As the VCR1-WCR3 library exhibited the most robust single-gene knockout efficacy, we utilized this tracrRNA combination to look for subtle differences between the two tracrRNAs. To this end, we generated libraries where the two tracrRNAs were flipped (VCR1-WCR3 compared to WCR3-VCR1) while maintaining the same crRNA sequences and promoters. There was no detectable alternation in efficacy between the VCR1 and WCR3 tracrRNAs as the LFC difference between VCR1 and WCR3 resulted in normal distribution centered around zero (Fig. 3a). We next examined the effects of the U6 and H1 promoters driving the expression of the two sgRNAs. To enable a direct comparison of the promoters while maintaining the same crRNA sequence coupled to the tracrRNAs, we included the same crRNA sequences for 10 genes under both the U6 and H1 promoters. Although the magnitude of LFC between the two promoters was similar, we consistently detected stronger depletion in sgRNAs driven under the U6 promoter using both the VCR1 or WCR3 tracrRNA as previously described (Fig. 3b)23. These data together suggest that the positional effects between the two sgRNAs are minimal, and that the slight observed bias is likely driven by promoter differences.

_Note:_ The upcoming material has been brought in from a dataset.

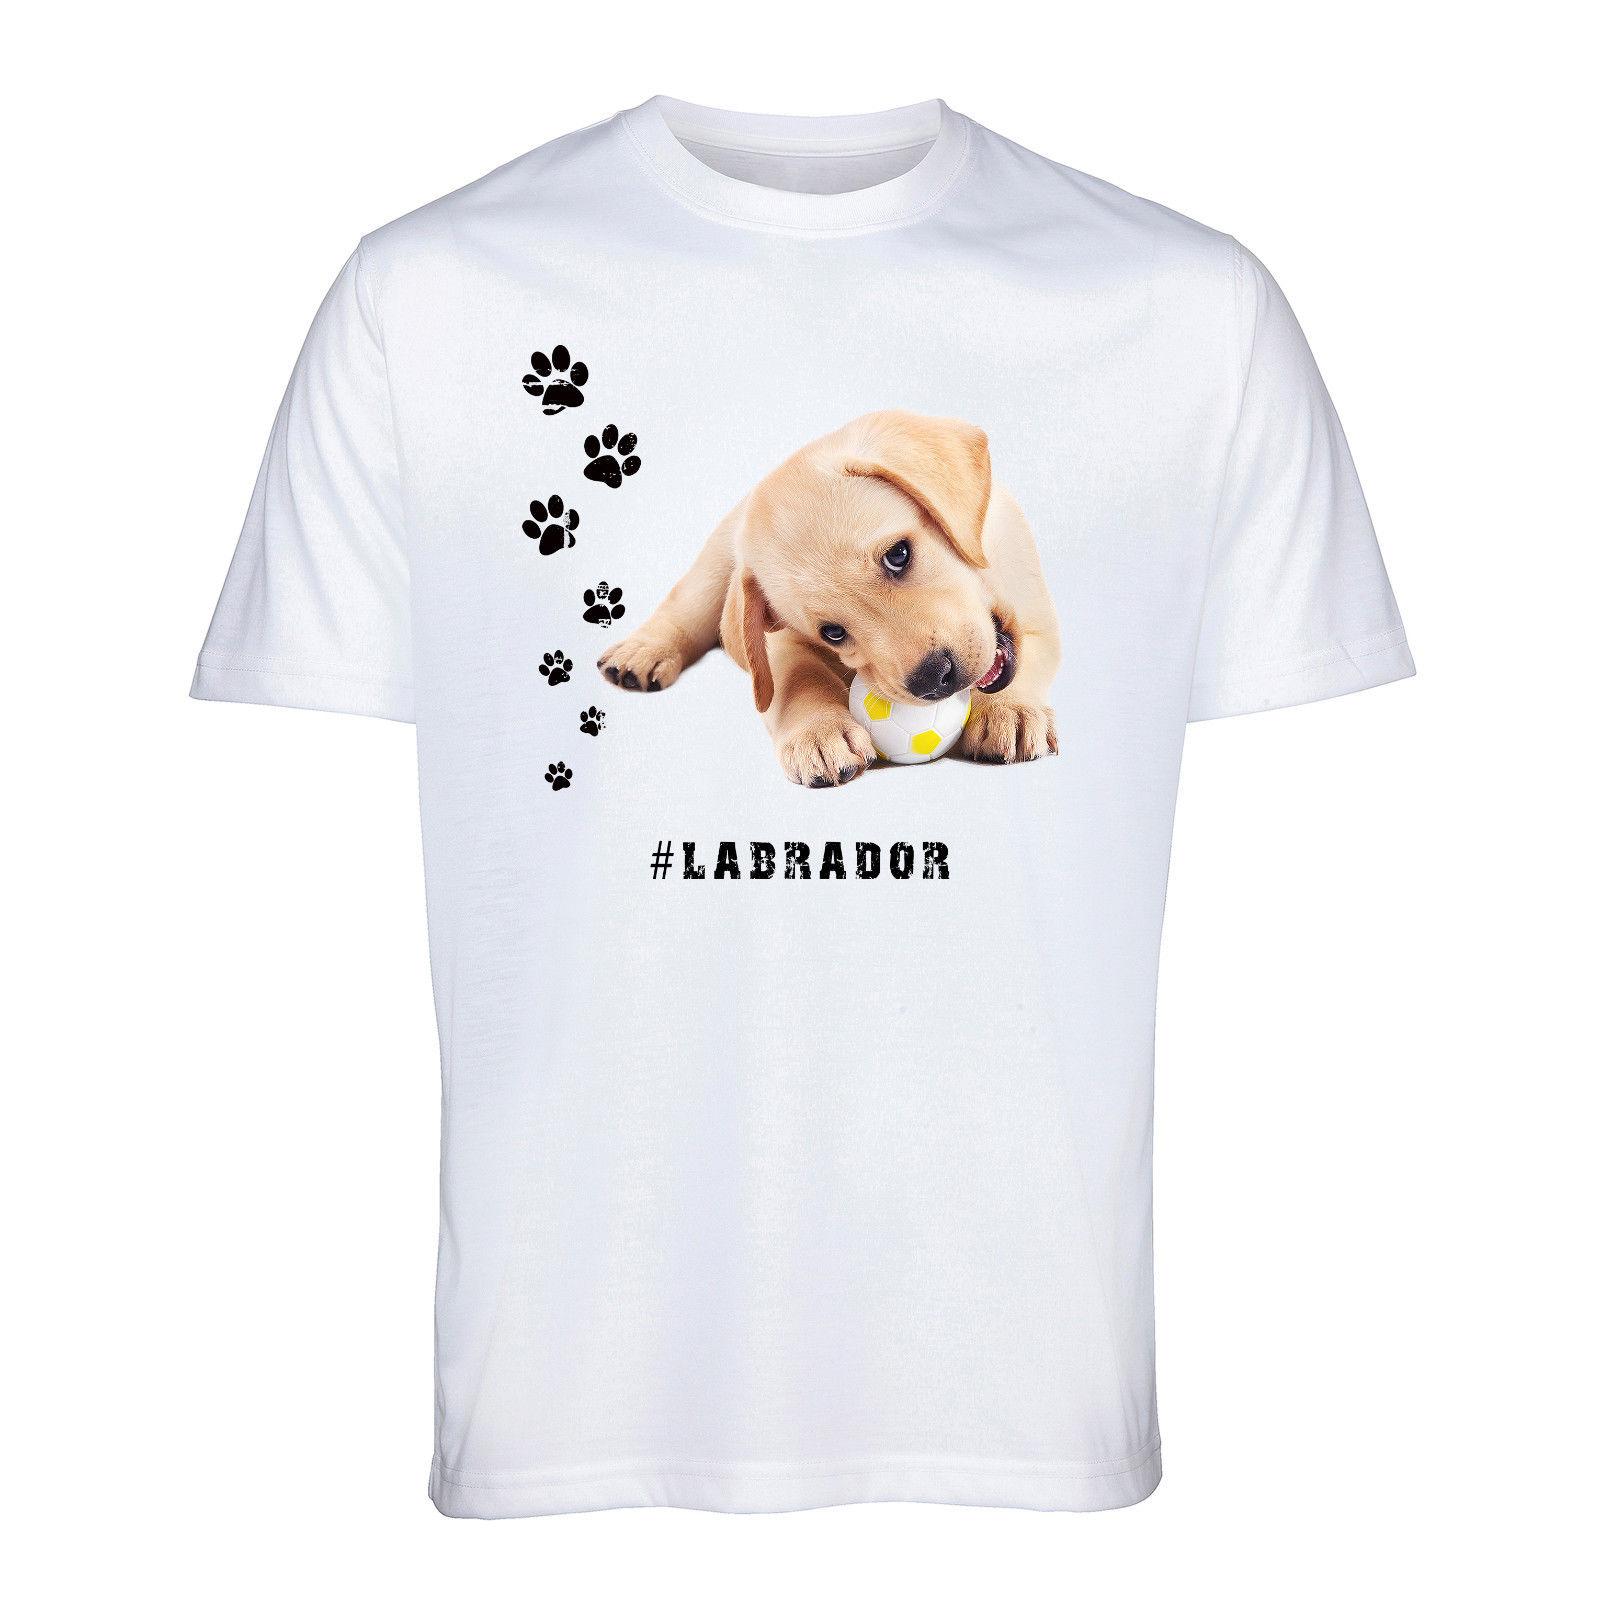 Camiseta de Labrador Retriever Hashtag perro raza Animal mascota hombres mujeres divertido regalo camiseta de dibujos animados hombres Unisex nueva camiseta de moda
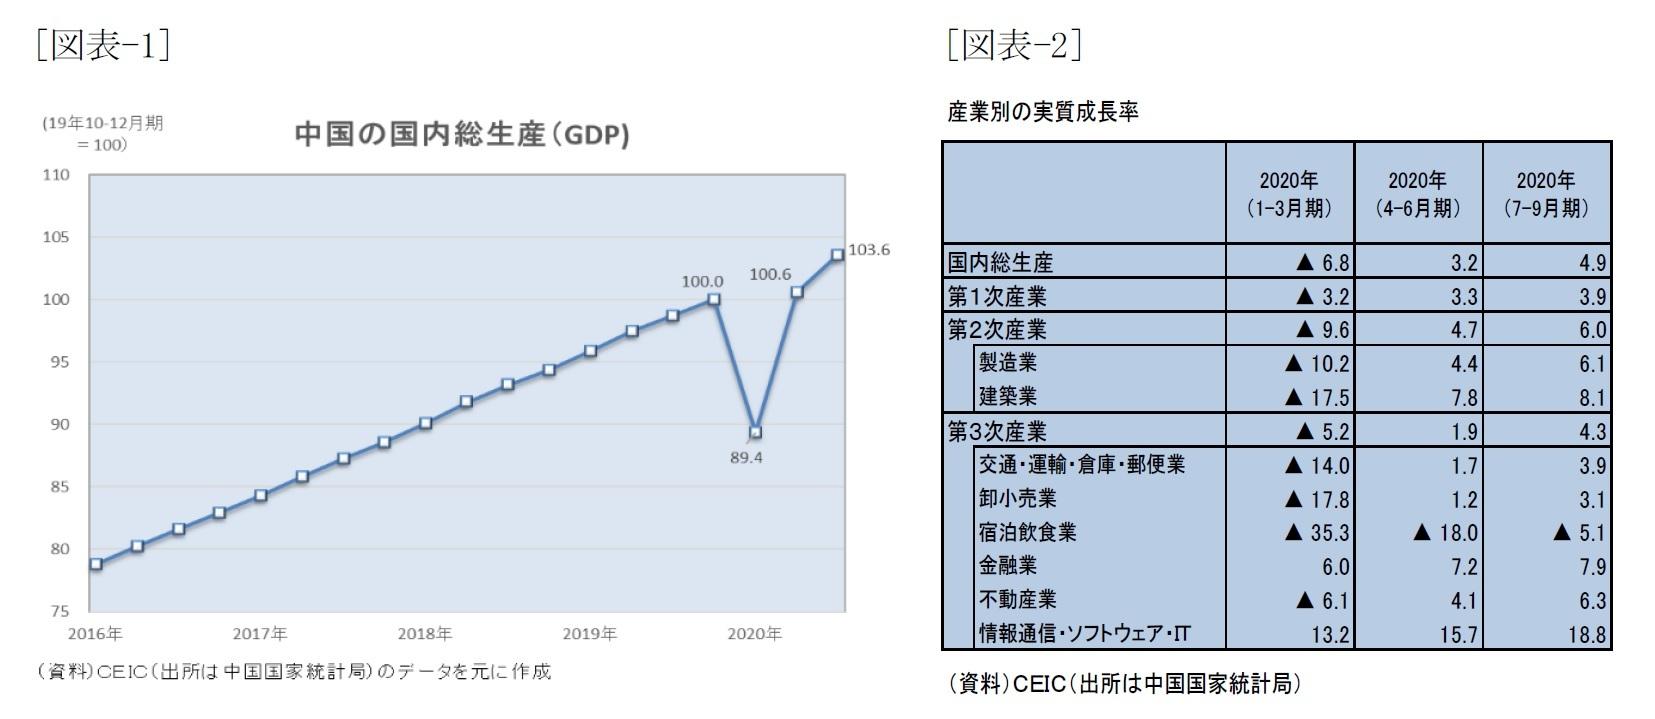 [図表-1]中国の国内総生産(GDP)/[図表-2]産業別の実質成長率

Fig. 3: Positional effects and recombination rate on gene targeting.
figure 3

a Evaluation of tracrRNA effect calculated by the difference in LFC between sgRNAs utilizing the VCR1 and WCR3 tracrRNAs from the VCR1-WCR3 and WCR3-VCR1 screens in IPC298. Analyses separated by promoters expressing the sgRNA. b Evaluation of the promoter effect by correlation between the LFC from the U6 and H1 promoter. For ten genes, same crRNA sequences are used on both left and right position to remove crRNA variability. Analyses separated by tracrRNA used. c Schematic illustration evaluating the recombination rate by next-generation sequencing (NGS) reads. crRNA and tracrRNA in both positions were sequenced by NextSeq paired-end 150 bp. Reads were either mapped to crRNA only or crRNA+tracrRNA (sgRNA). d Recombination rate calculated by percent of reads mapped between sgRNA to crRNA in pDNA for WCR2-WCR3 (green) and VCR1-WCR3 (blue). e LFC calculated by reads mapped to crRNA or sgRNA. The percentage of pan-essential genes with LFC less than −3 are indicated in red. Source data are provided in the Source Data File.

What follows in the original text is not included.